Work item: For this exercise, retype all the data exactly and exclude every image.

Data excerpt:
_ _ _

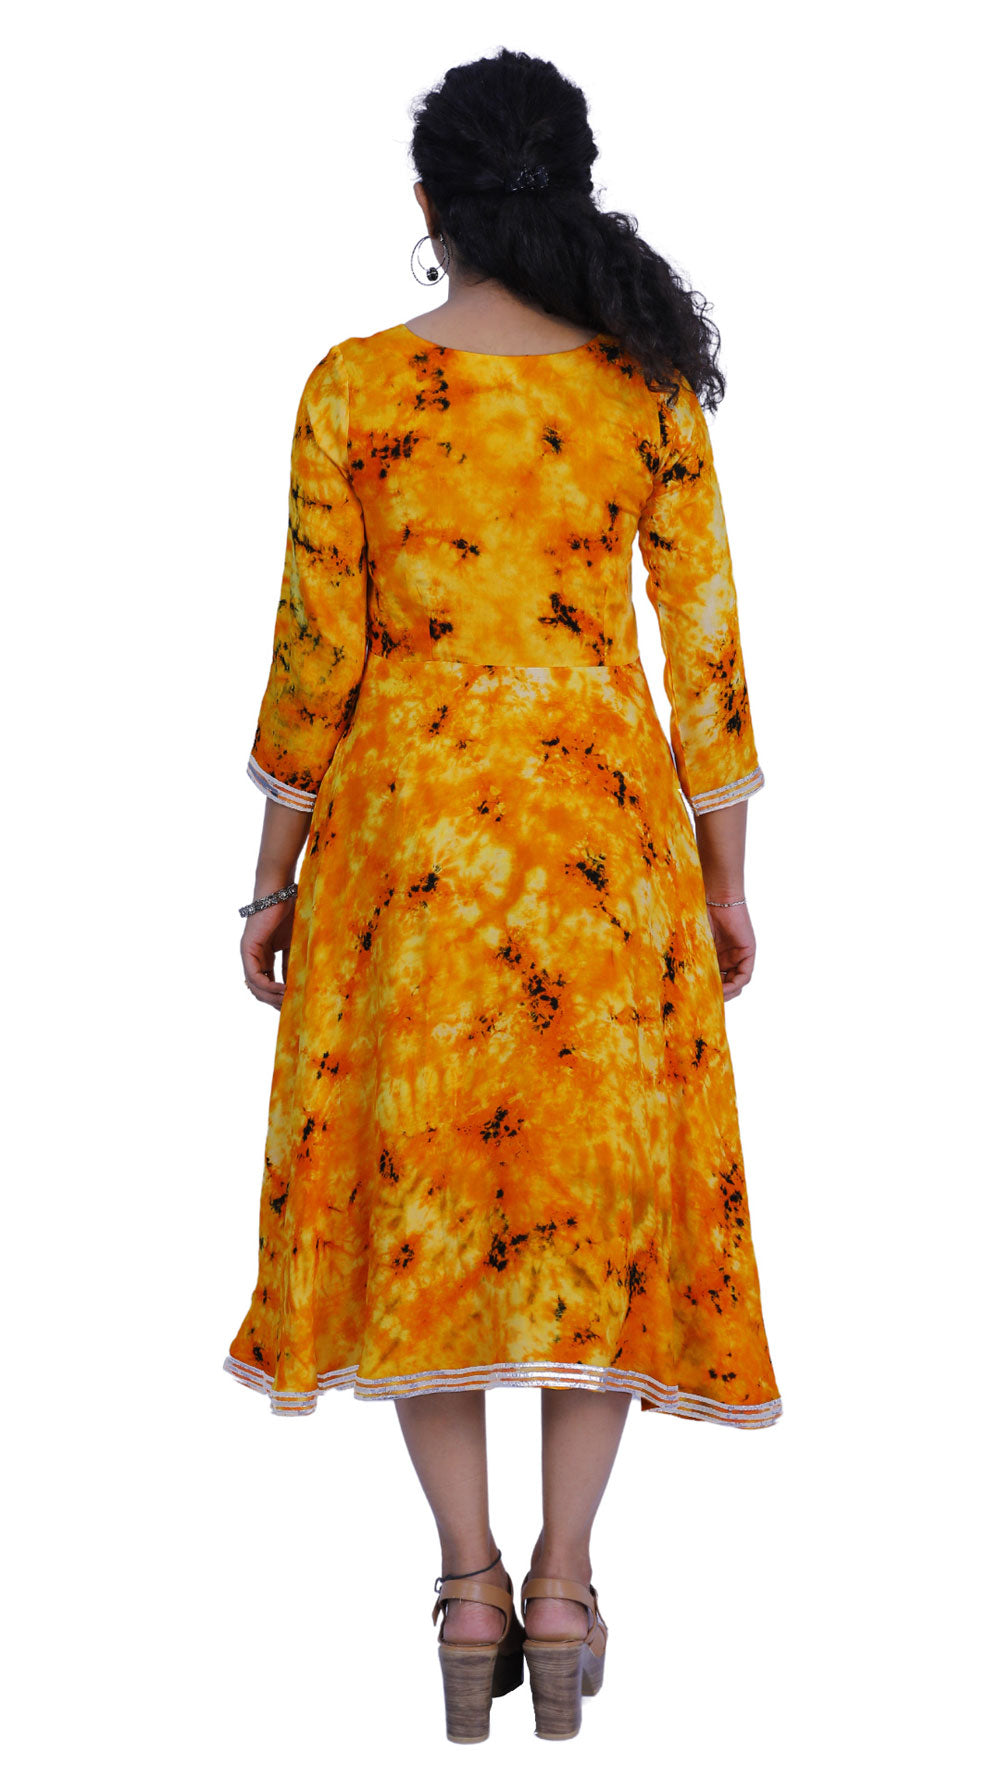 Women Ethnic Yellow Dress | S3K336
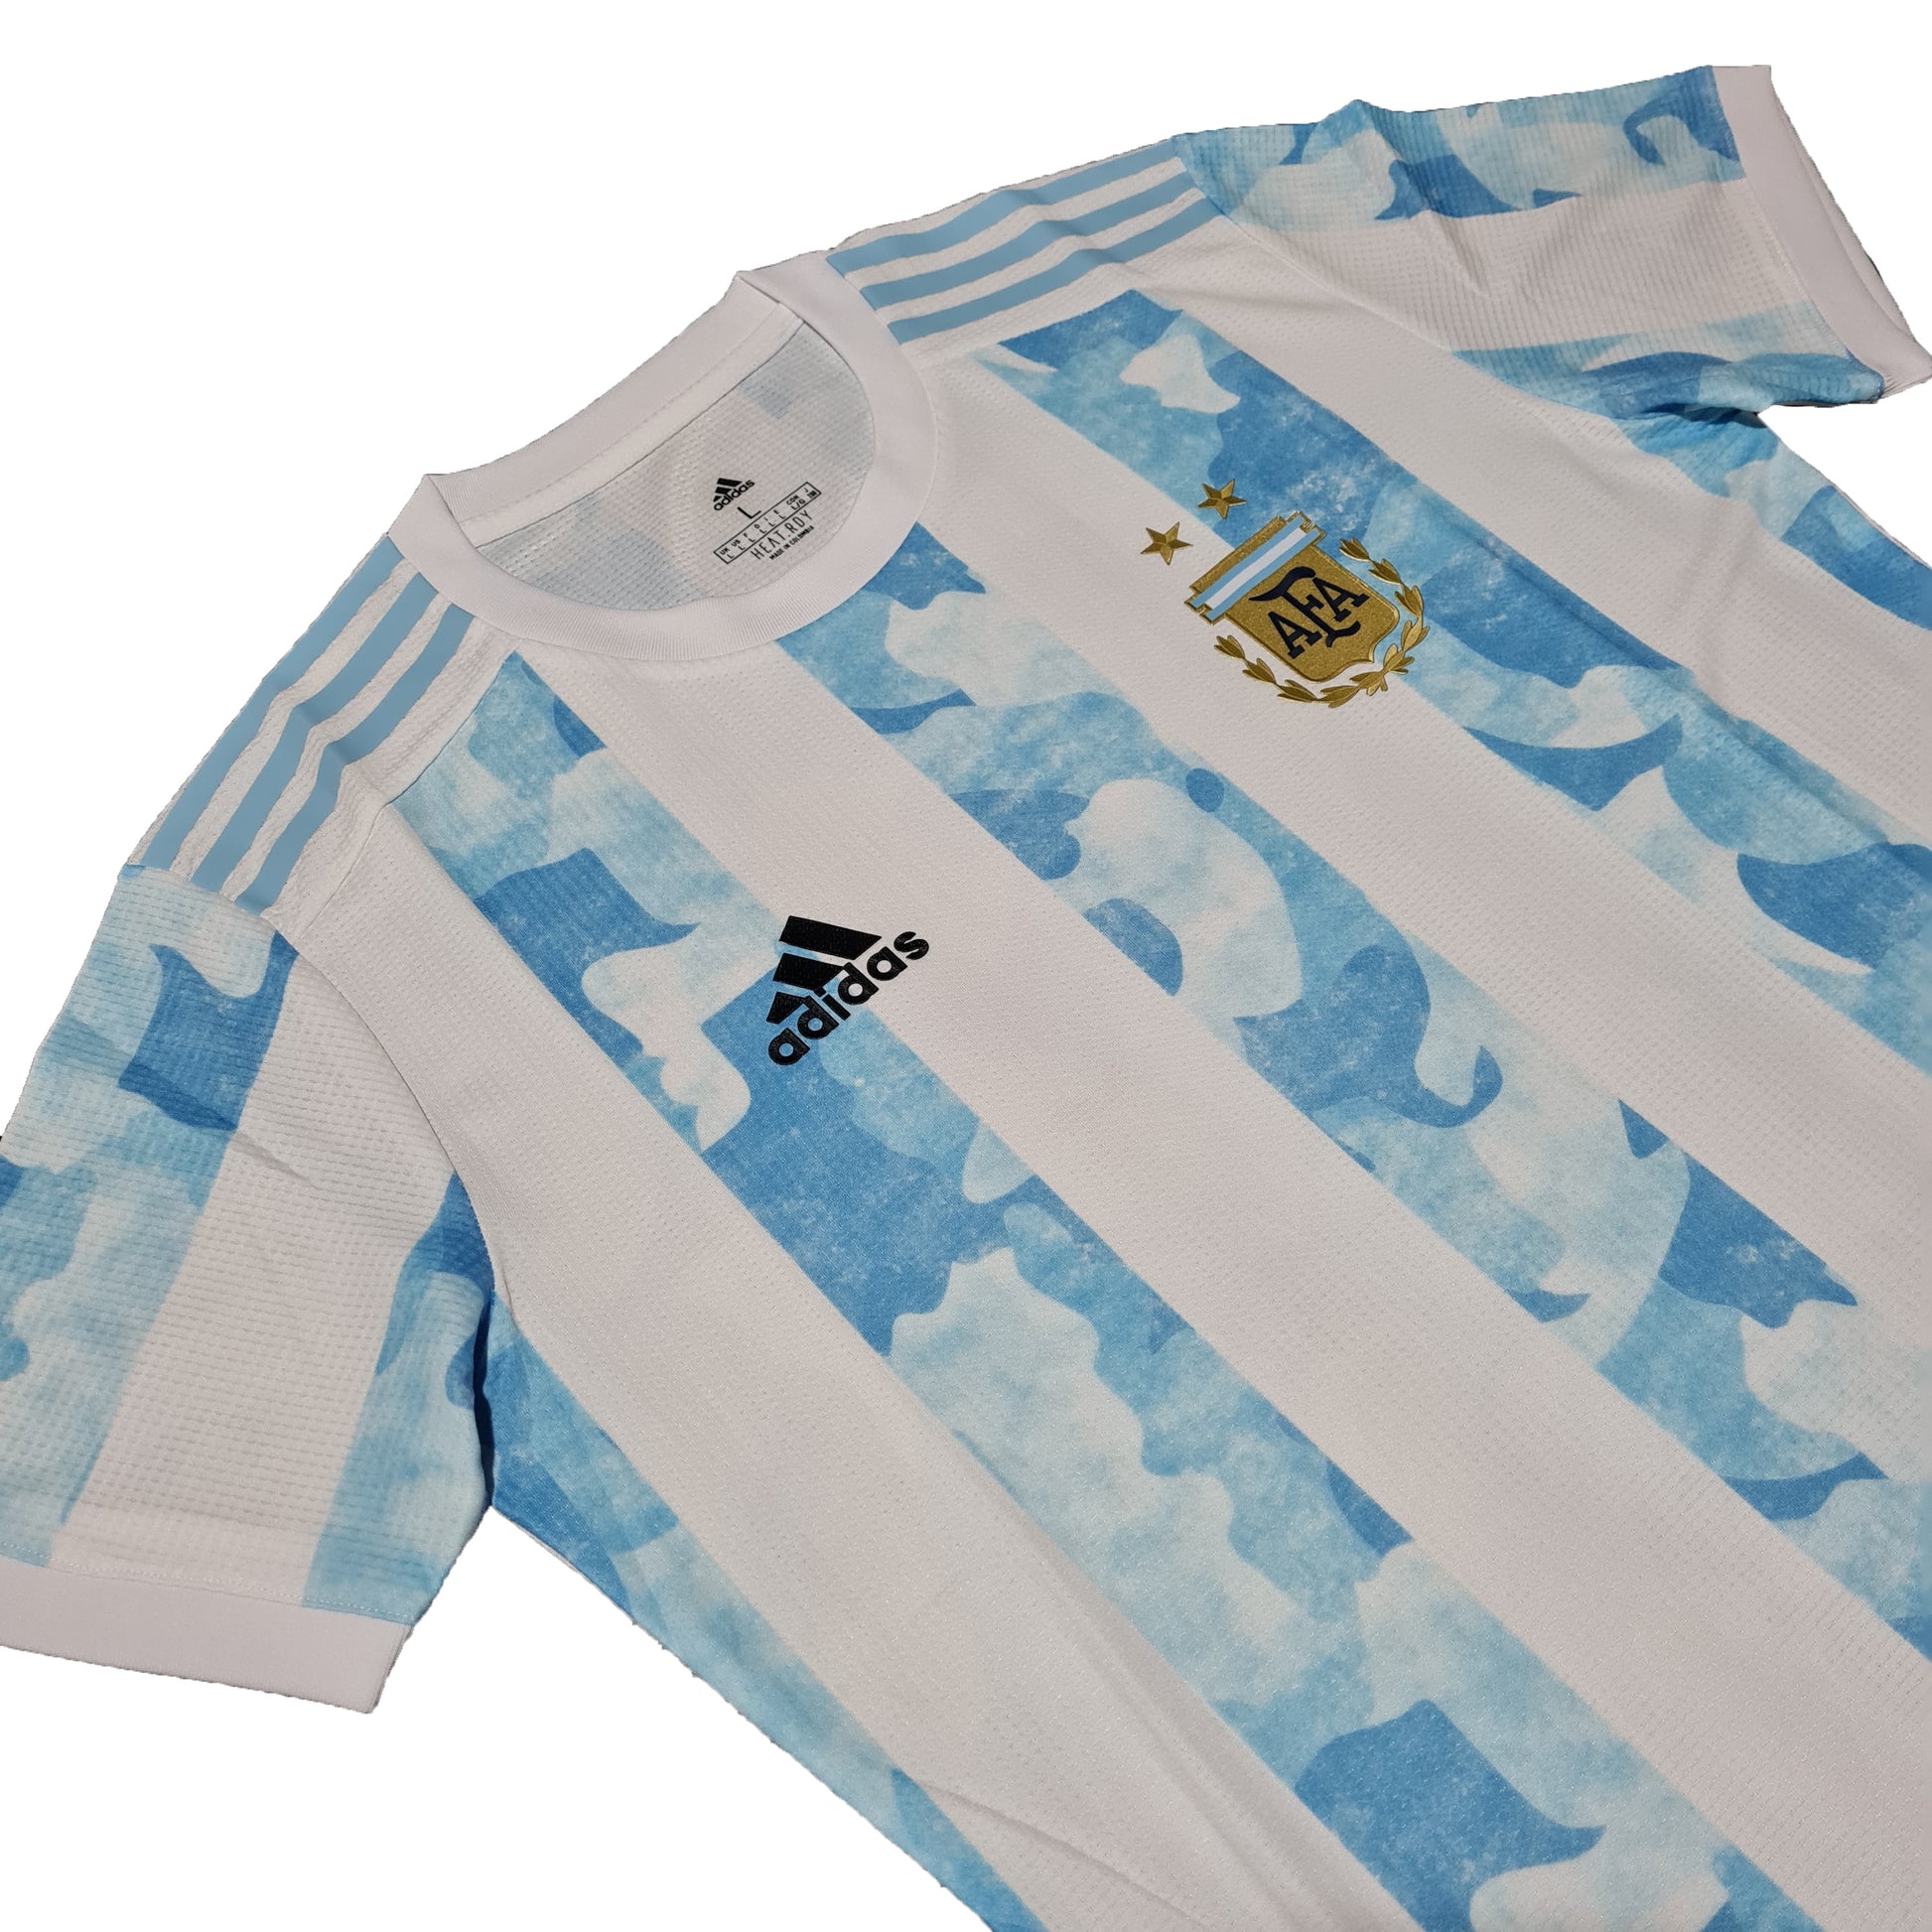 Argentina Titular 2021 - Thunder Internacional
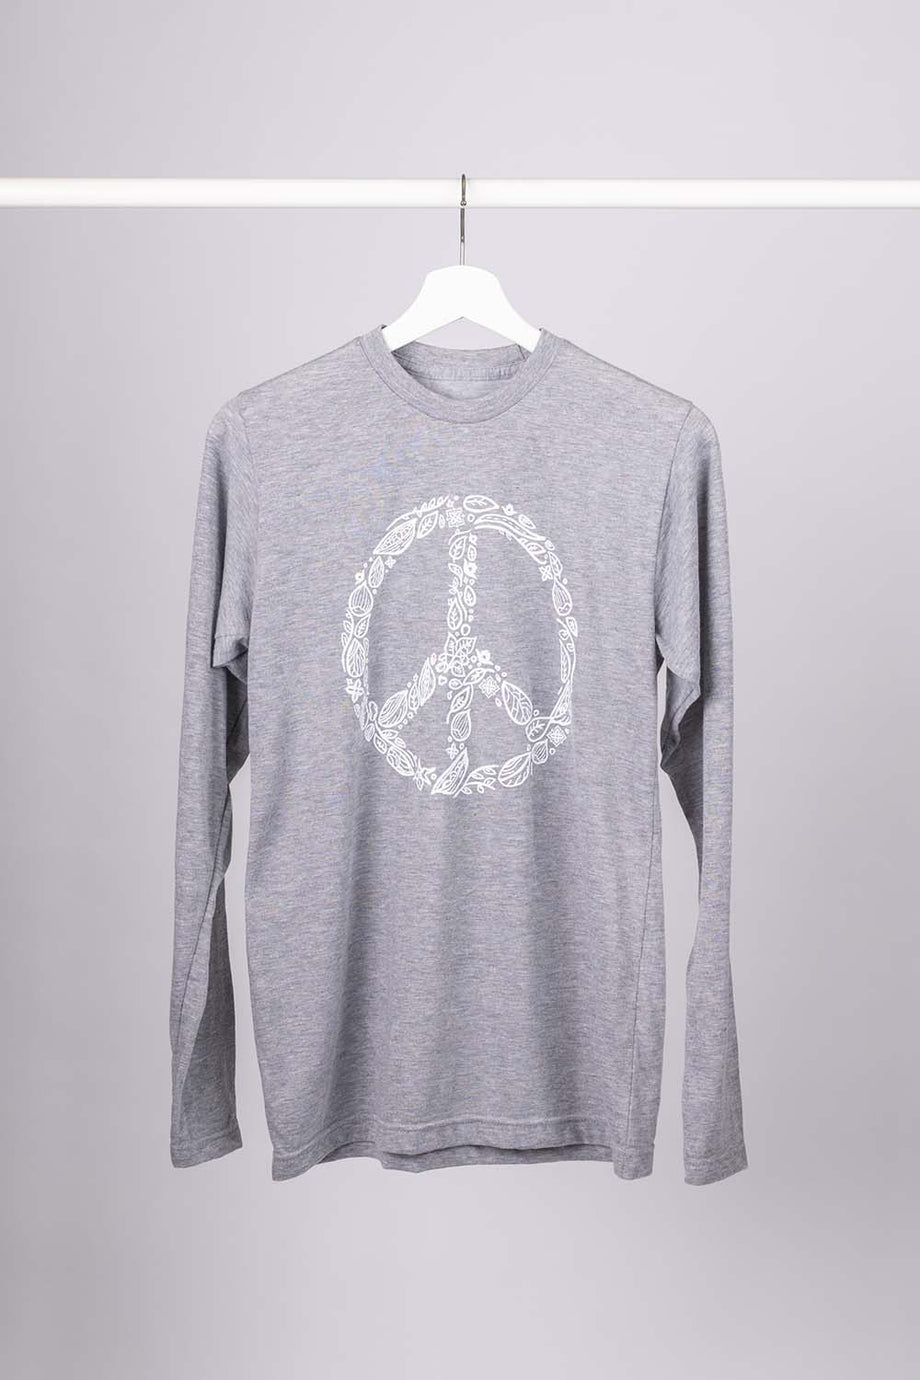 Hanes Teach Peace Long Sleeve T-shirt. Small -  Canada

_ _ _

Your response:
 Women Ethnic Yellow Dress | S3K336
 Argentina Titular 2021 - Thunder Internacional
 Hanes Teach Peace Long Sleeve T-shirt. Small -  Canada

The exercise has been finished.